## [Provided material]
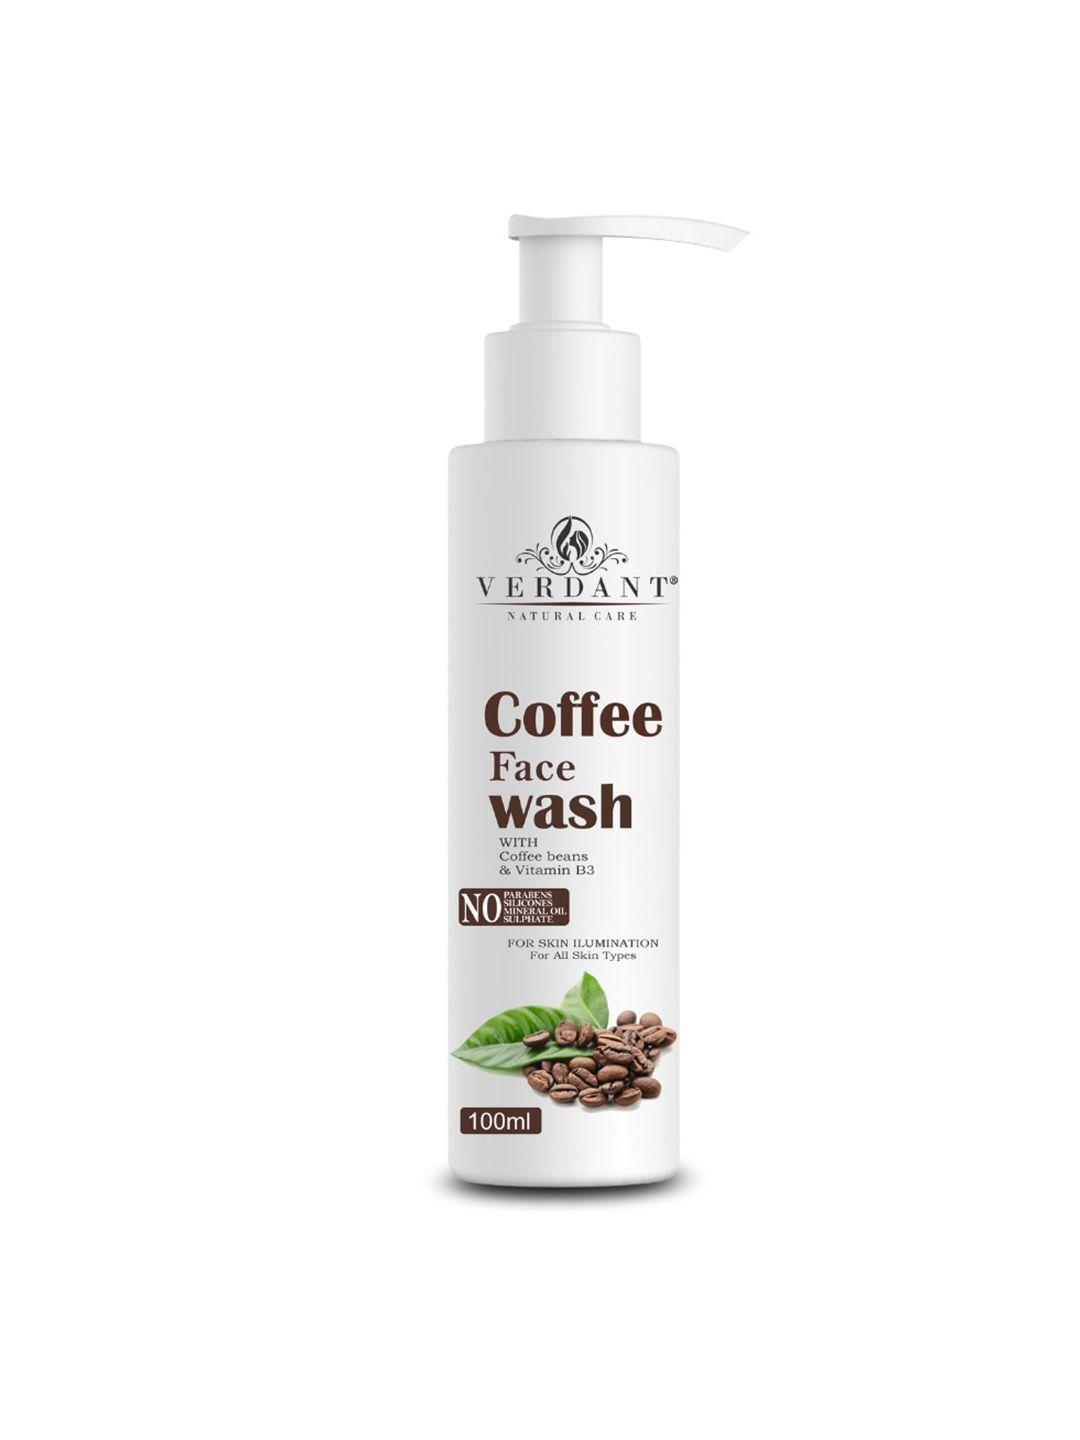 verdant natural care coffee face wash with coffee beans & viatmin b3 for skin ilumination - 100 ml
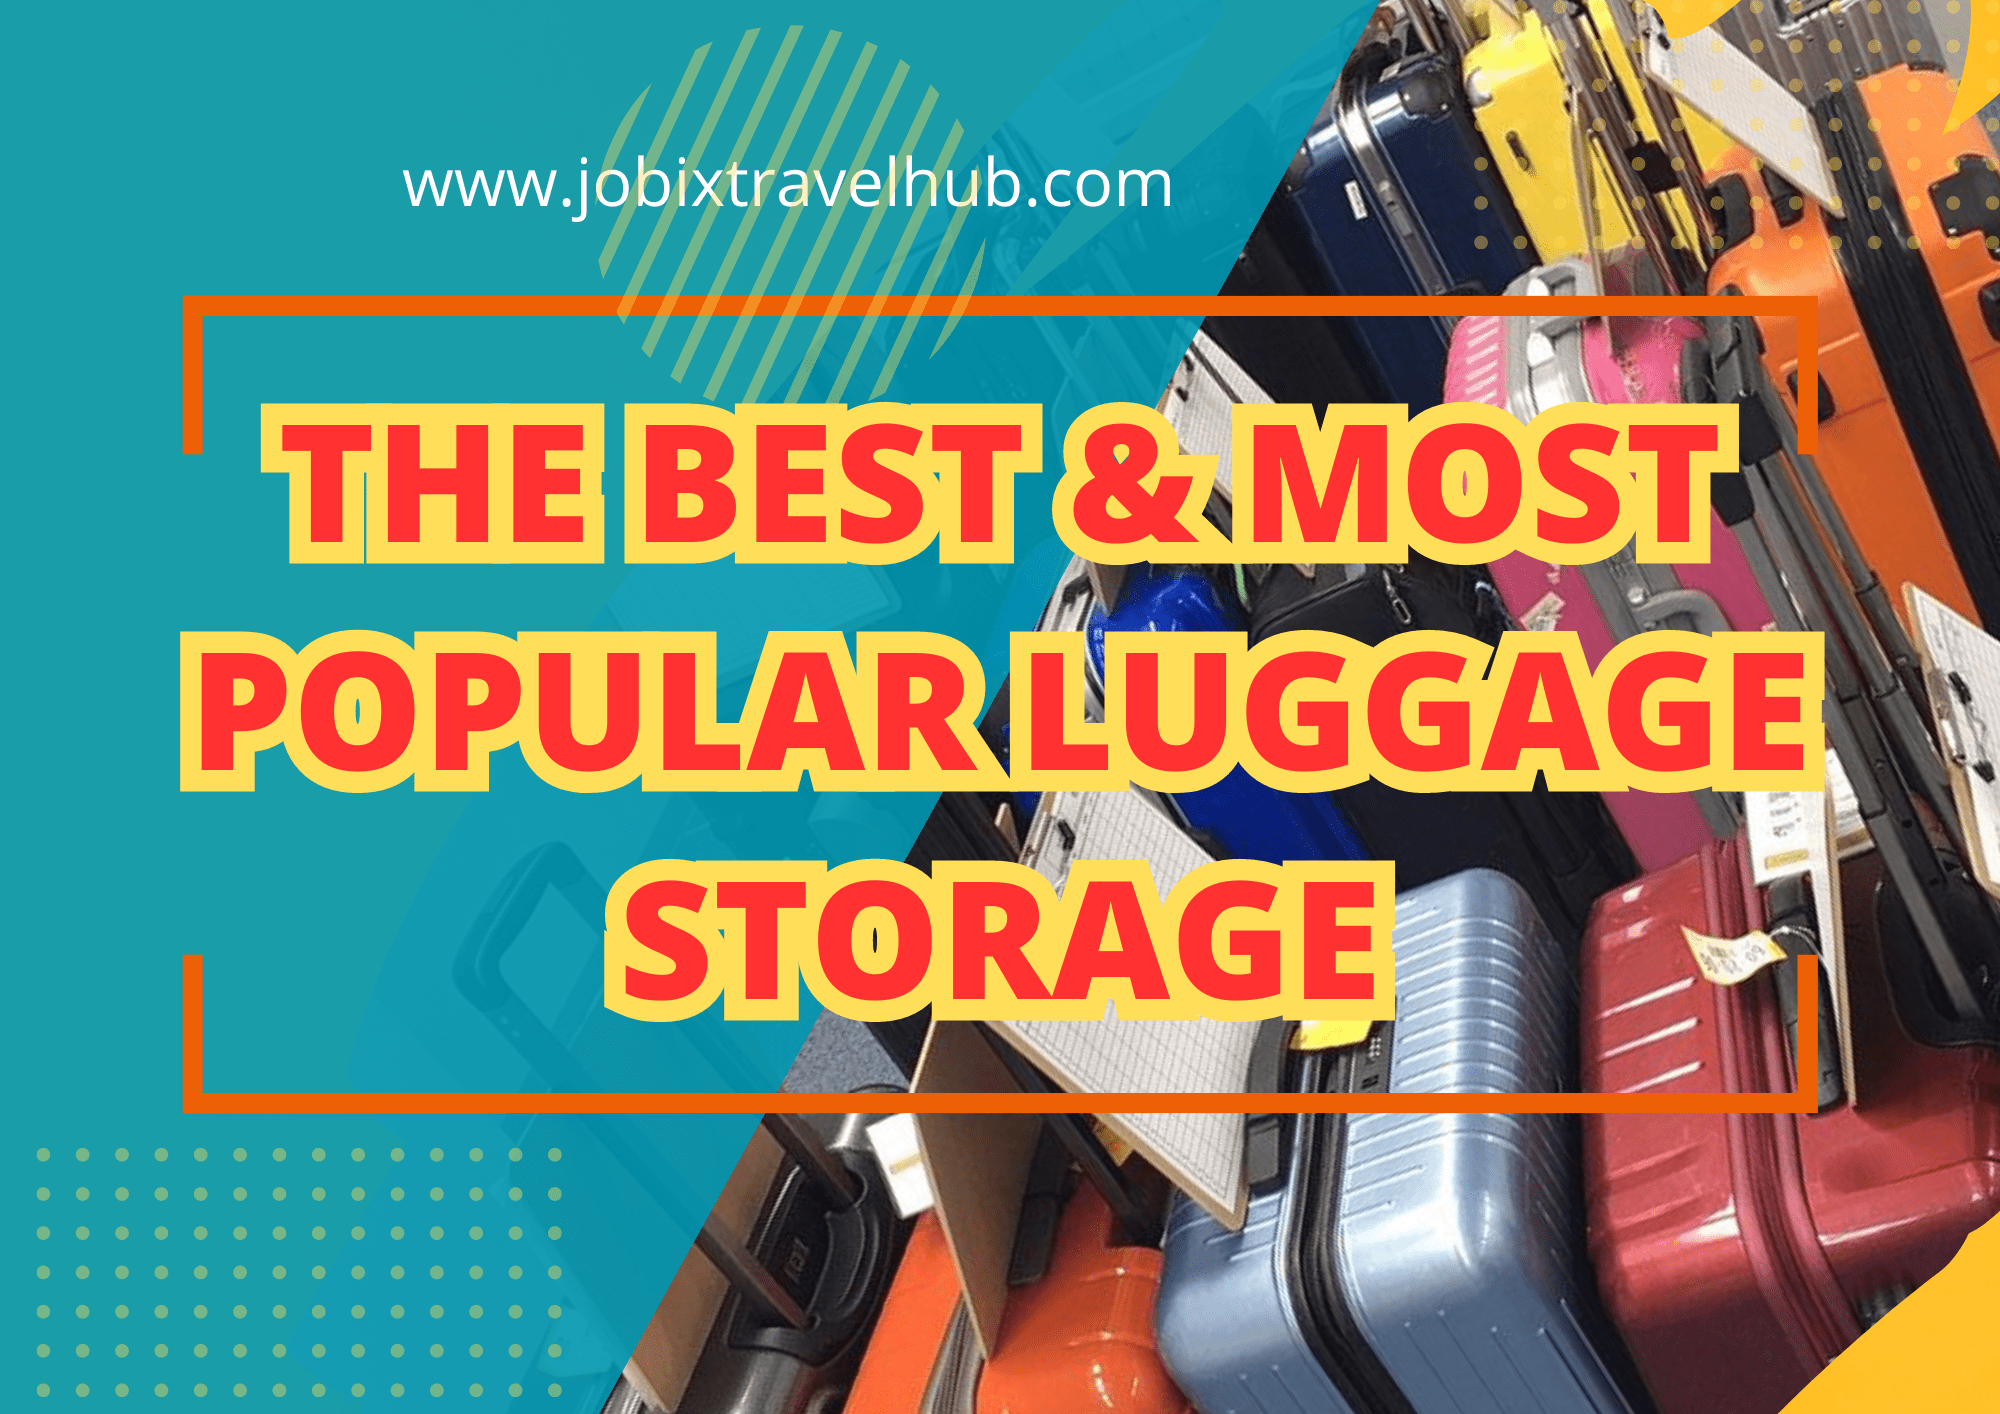 Are you heading on vacation soon? Do not let transportation and luggage storage ruin it. The best Luggage storage is here to help you.
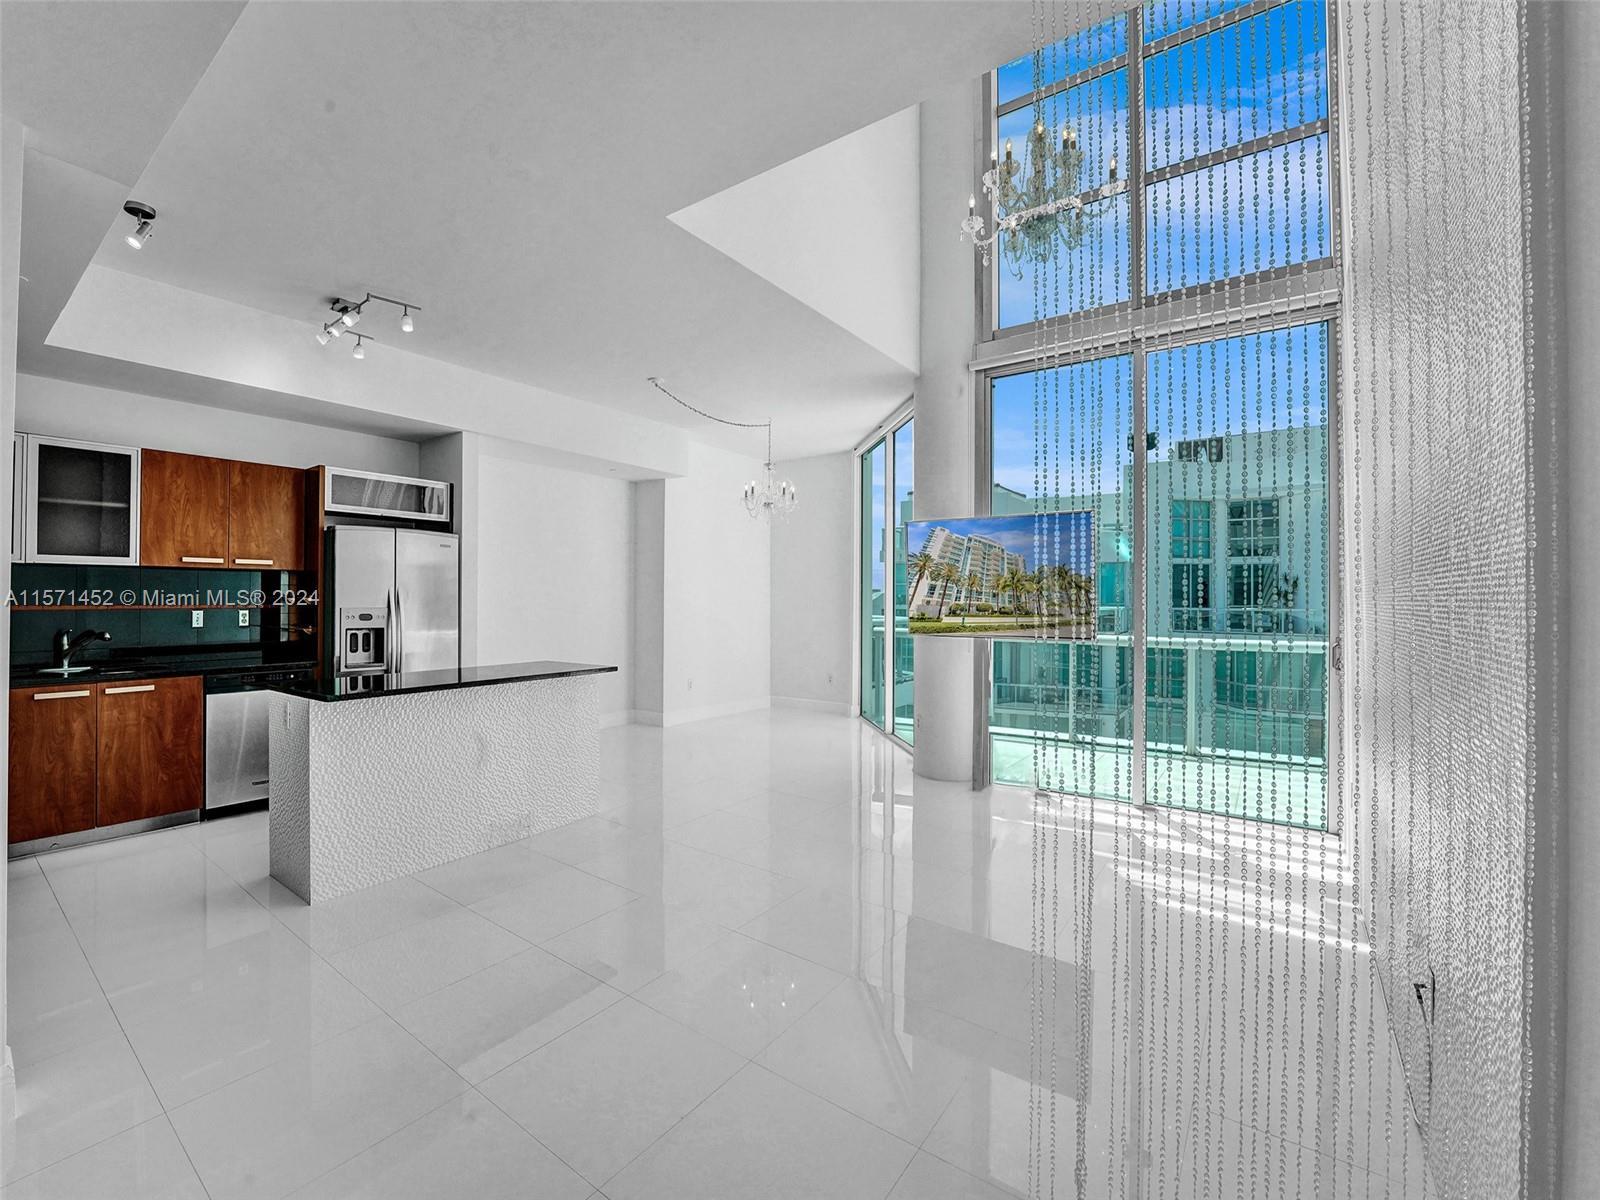 Experience luxury living in this stunning two-story penthouse in the heart of Aventura inside "The A
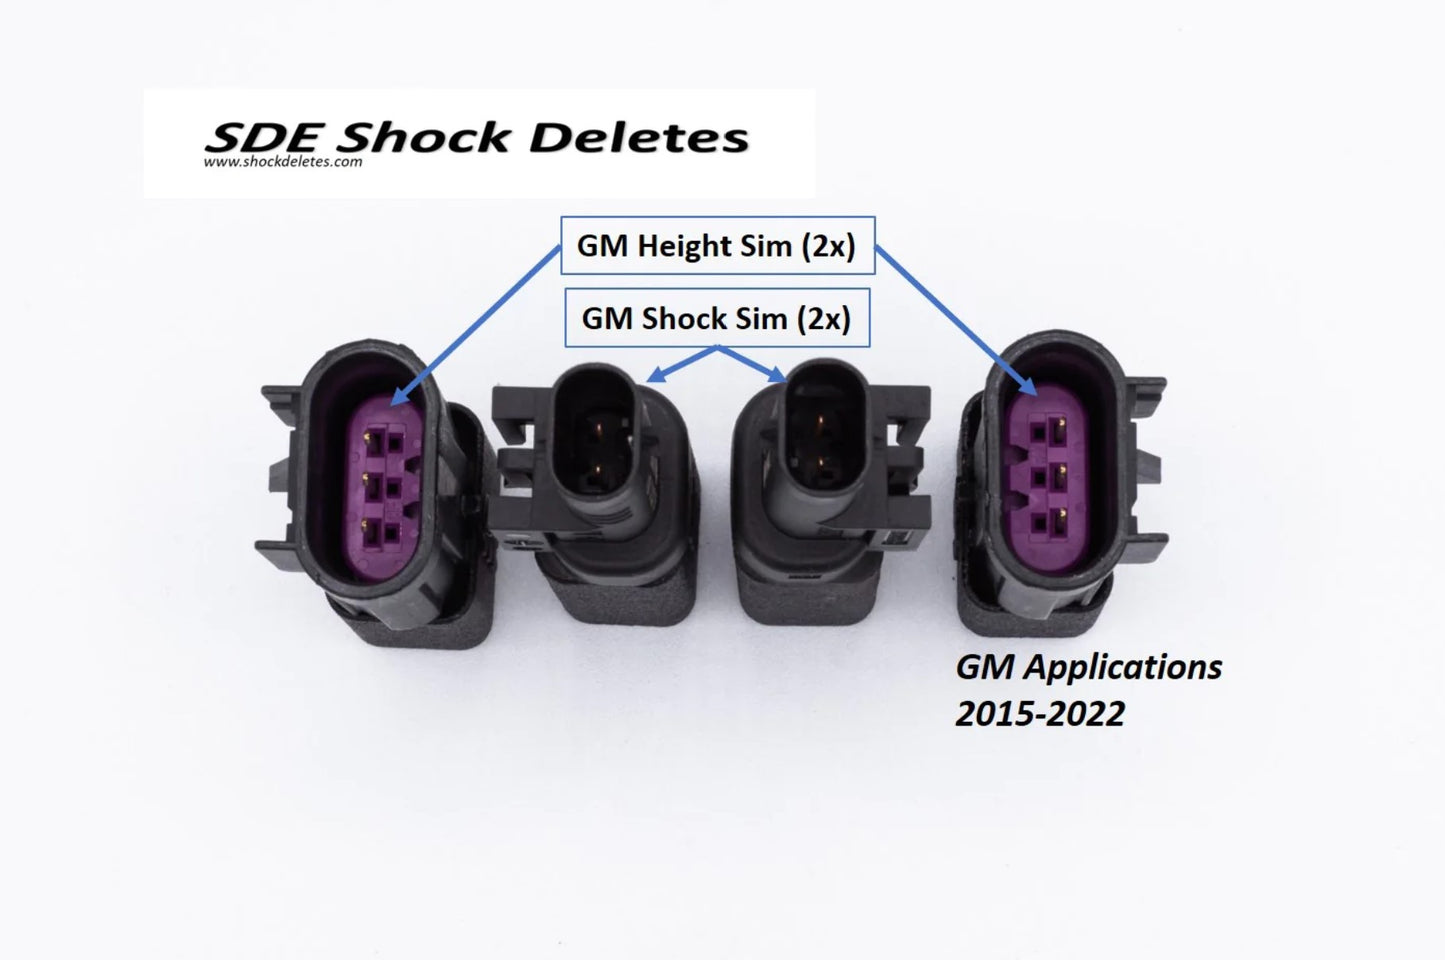 GM MagneRide Shock + Height Sim, Late Model Truck, SUV and Cars- SDE

## [Work instruction]
Return the material exactly as given above, picture-free.

## [Answer to this task]
 verdant natural care coffee face wash with coffee beans & viatmin b3 for skin ilumination - 100 ml
 Are you heading on vacation soon? Do not let transportation and luggage storage ruin it. The best Luggage storage is here to help you.
 Experience luxury living in this stunning two-story penthouse in the heart of Aventura inside "The A
 GM MagneRide Shock + Height Sim, Late Model Truck, SUV and Cars- SDE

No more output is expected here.